В душе я согласился с ними, написанное сжег и вернулся к социологии. Но этот мой первый опыт обнаружил, что в поточковском одиночестве дала знать о себе давно снедавшая меня депрессия. Вскоре после приезда моего брата и его жены произошло нечто удивительное, оказавшее существенное влияние на мою психическую жизнь.
А произошло вот что: как-то раз я проснулся среди ночи, почувствовав, что на моих ногах кто-то сидит, и догадался, что ко мне на кровать влезла большая собака, которая иногда захаживала в комнаты из кухни. Я сбросил ее ногами и прикрикнул «пошла вон»! Собака огрызнулась и ушла, но я ее не видел – темно ведь было.
И в тот самый момент меня за горло схватило страшное подозрение… нет, пожалуй, даже уверенность, что это была не собака, а некое другое, во стократ более страшное существо… В доме я был один, за окнами скрип колодезного журавля на ветру и капание с крыши тающего снега, полнолуние, но свет почти не проникал через плотно зашторенные окна. Окаменевший от страха, я попытался объяснить себе, что нет оснований допускать, что эта собака была не просто собакой, но, как и всегда в таких случаях, сразу приходит в голову вопрос: «Если это так, то почему мне в голову пришла именно эта мысль и почему так сильно задела меня, – наверное, в этом что-то есть, что я испытываю страх без видимой причины…».

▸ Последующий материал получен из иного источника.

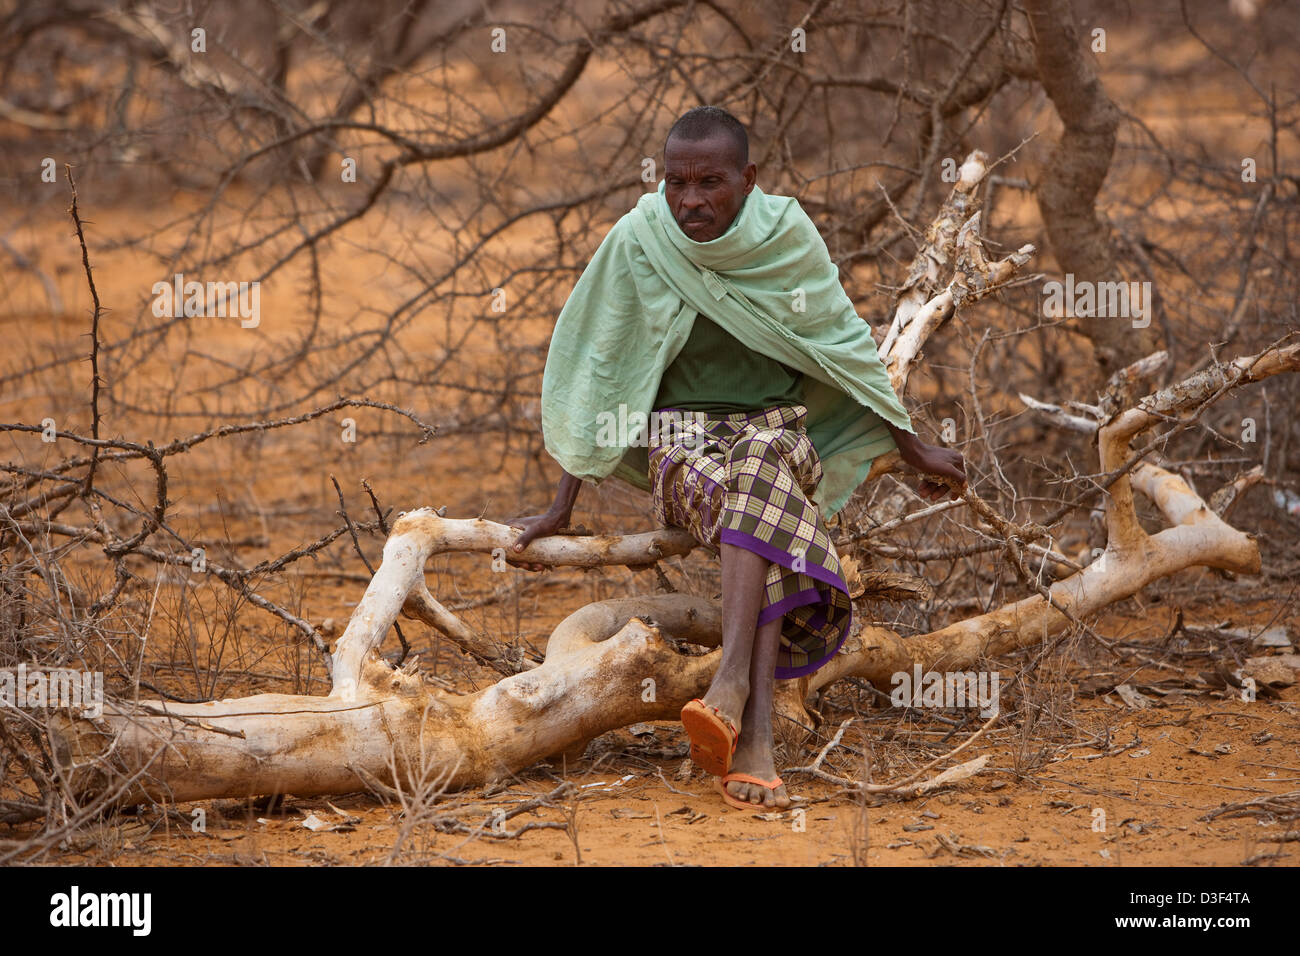 NYTALIYO, NORTH OF ELWAK, EASTERN KENYA, 3rd SEPTEMBER 2009: A man sits on a felled tree and considers suicide. Stock Photo

До утра не сомкнул я глаз, да и день не принес мне облегчения, меня постоянно преследовала мысль: за этой собакой что-то кроется… она – выражение чего-то такого страшного, о чем пока неизвестно… и о чем я не могу получить ясного представления… Так я провел несколько ночей и дней, вроде как на пороге открытия какой-то ужасной тайны, не в силах отдернуть занавеску…
И тут все вдруг стало ясно!.. Внезапно в моей голове вспыхнул огонь!
Я вспомнил… то ли кто рассказывал мне, когда я был еще ребенком, то ли я сам присутствовал при этом… Короче, как-то раз у моих родителей гостил сандомирский епископ Рыкс и рассказал, как к нему явился злой дух, когда он ожидал рукоположения в священники. Ночью он почувствовал, что кто-то сидит у него на ногах. Никак собака. Он сбросил ее ногами. «Собака была какой-то необычно тяжелой, а упав, издала металлический звук, – рассказывал епископ. – В свете луны я увидел не собаку, а маленького – в полметра ростом – человечка, вроде как из металла, и воскликнул „Всяк дух Господа славит“, и тогда это нечто огрызнулось и скрылось под шкафом. Потом оказалось, что в том месте пол был обожжен. Я выбежал из дома на улицу, хоть мороз стоял на дворе, и всю ночь провел под открытым небом».